More interestingly, on x86 the pragma-optimized model (c_model_optm) shows no regression at -O1 and above. This is because the x86 out-of-order engine absorbs the extra code size from unrolling without penalty, and the larger L1/L2/L3 caches mean the unrolled code still fits without evicting working data. The same changes that are neutral or helpful on x86 are actively harmful on the Cortex-A9’s constrained, in-order microarchitecture.

This confirms the core lesson: the right optimization depends on the target architecture. Pragma-based loop hints are an x86-centric technique. Structural memory reduction is architecture-agnostic and effective on any memory-bound system.

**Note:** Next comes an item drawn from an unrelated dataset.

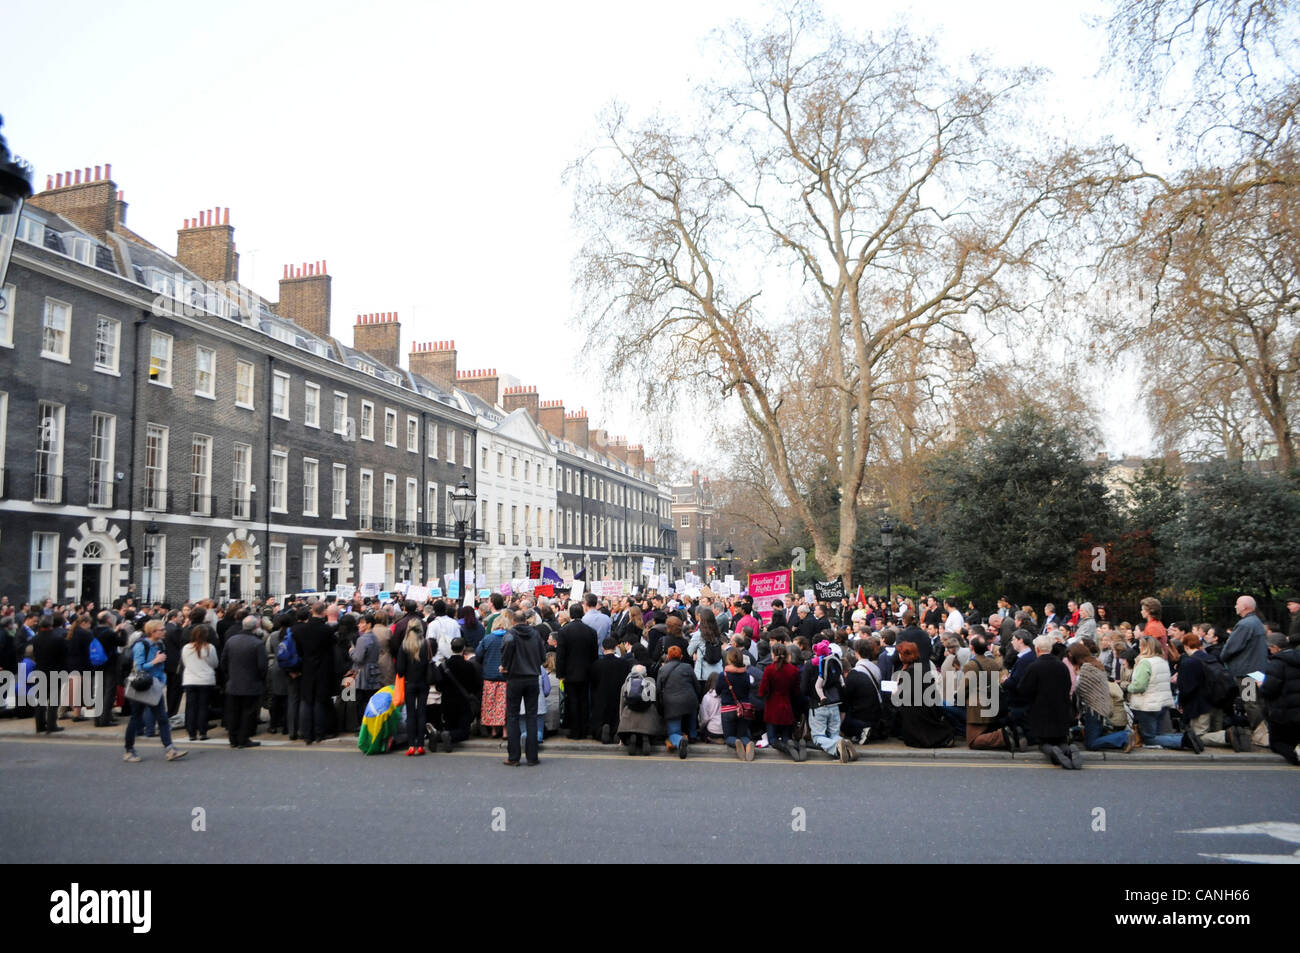 London, UK. 30/03/12. Christian Pro-Life and Anti-Abortion campaigners held prayers and protests outside the British Pregnancy Advisory Service in Bedford Square. Pro-Choice campaigners held a counter demonstration nearby. Stock Photo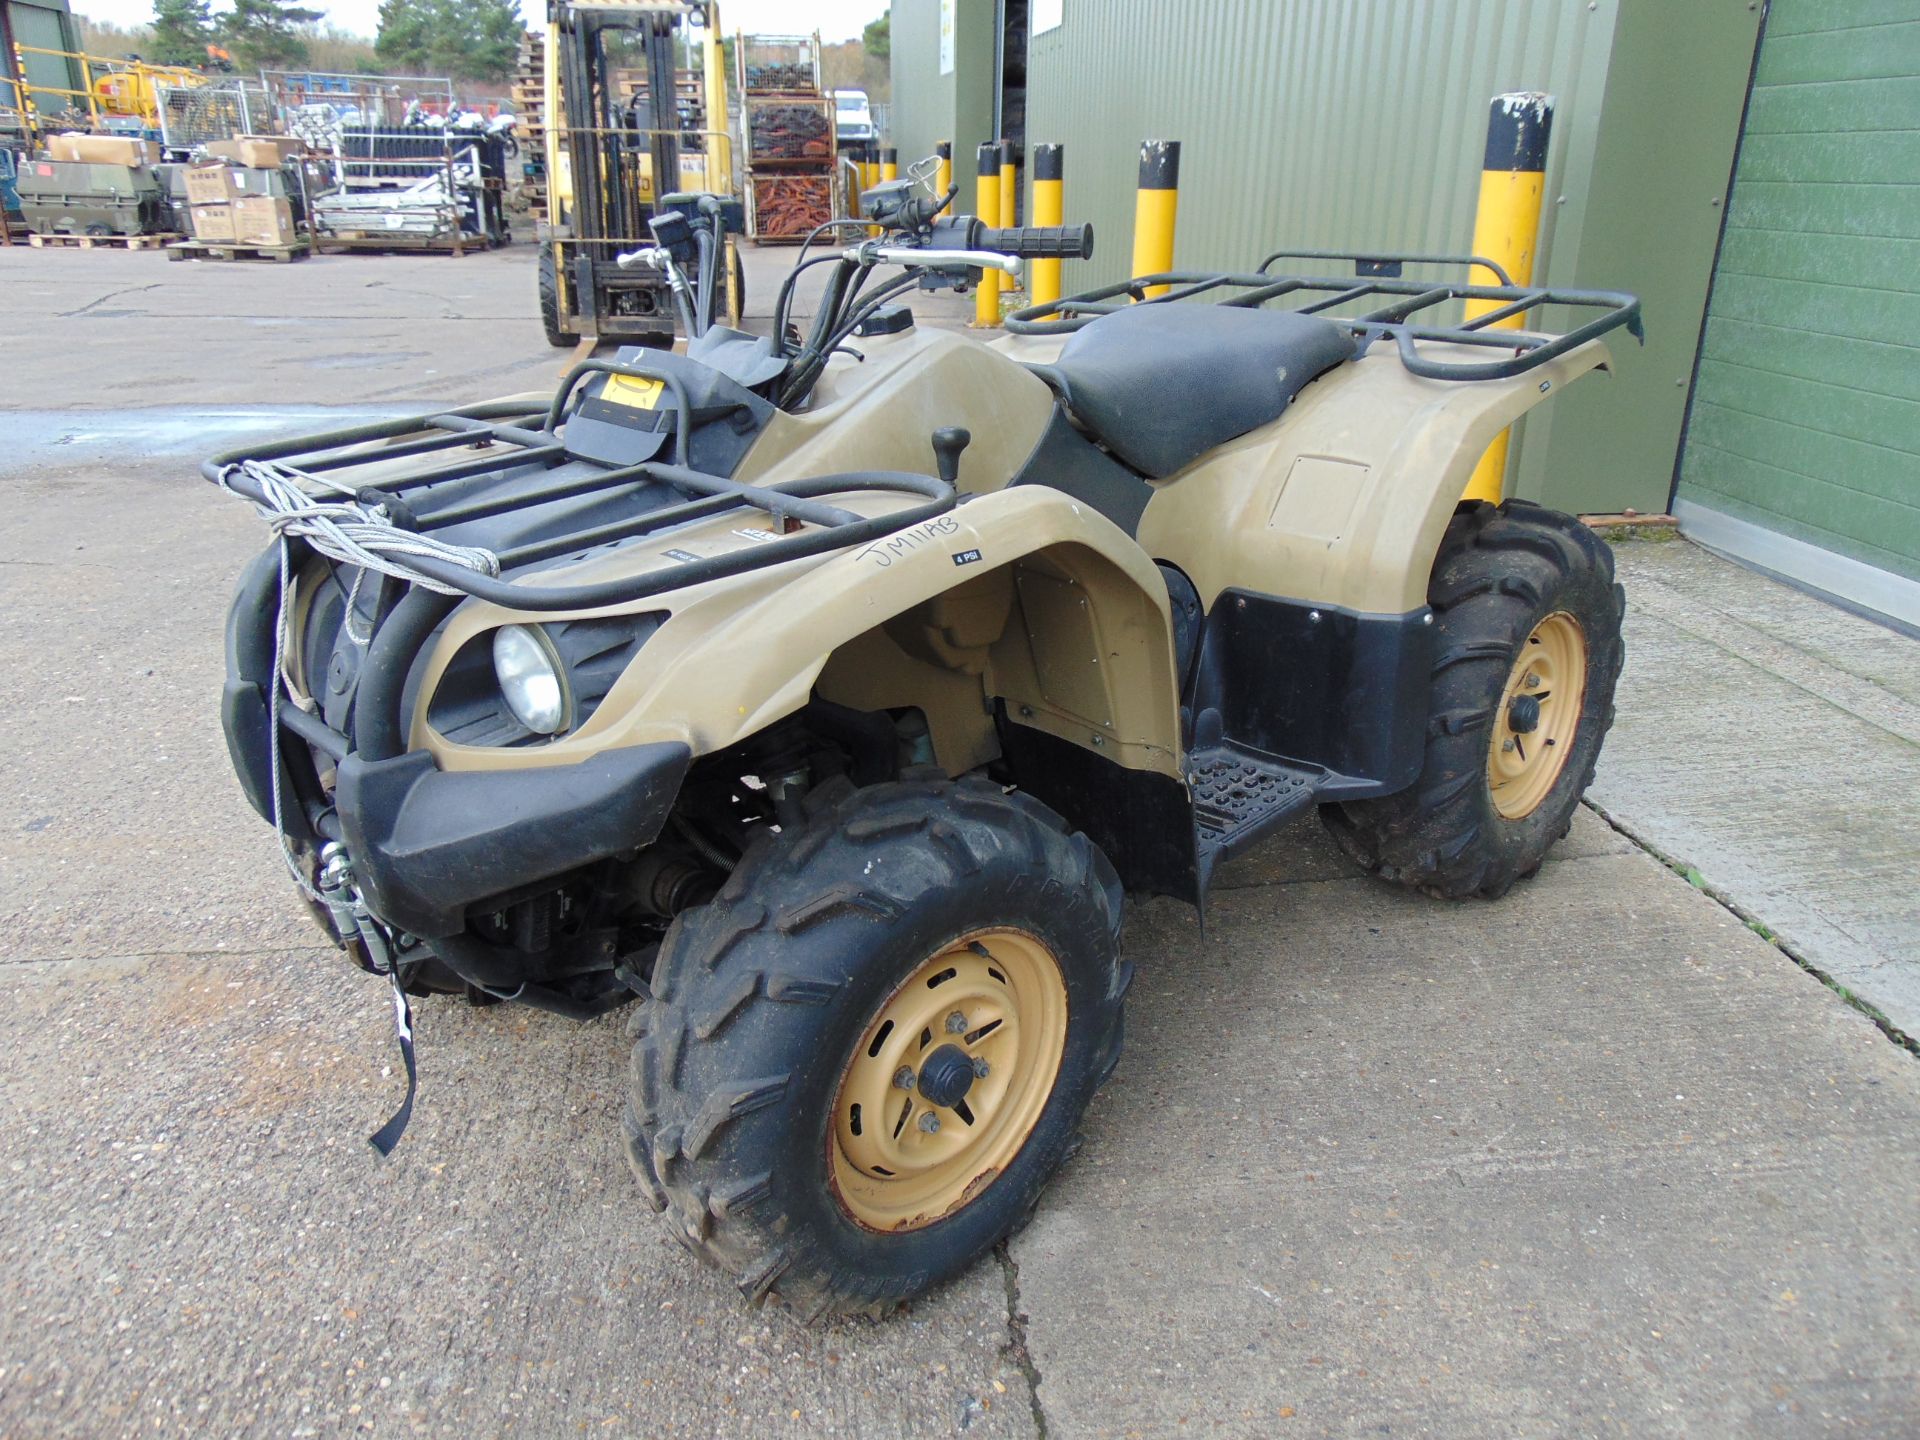 Military Specification Yamaha Grizzly 450 4 x 4 ATV Quad Bike Complete with Winch ONLY 591 HOURS! - Image 3 of 16

Target Source Compiler Flag
Zynq ARM (deployment) c_model_optm_2 -O3
Laptop / x86 (fast dev) c_model_optm_2 -Ofast -march=native
Debugging / validation c_model -O0

Avoid c_model_optm on ARM — it is strictly worse than baseline.


Final Ranking (Zynq)

Rank Variant Latency
1 c_model_optm_2 at Ofast / O3 ~361 ms
2 c_model at O3 / Ofast ~378 ms
3 c_model_optm at O3 / Ofast ~422 ms
4 c_model at O0 ~5526 ms

On embedded ARM systems, reducing memory movement at the graph level yields more benefit than micro-optimizing loops.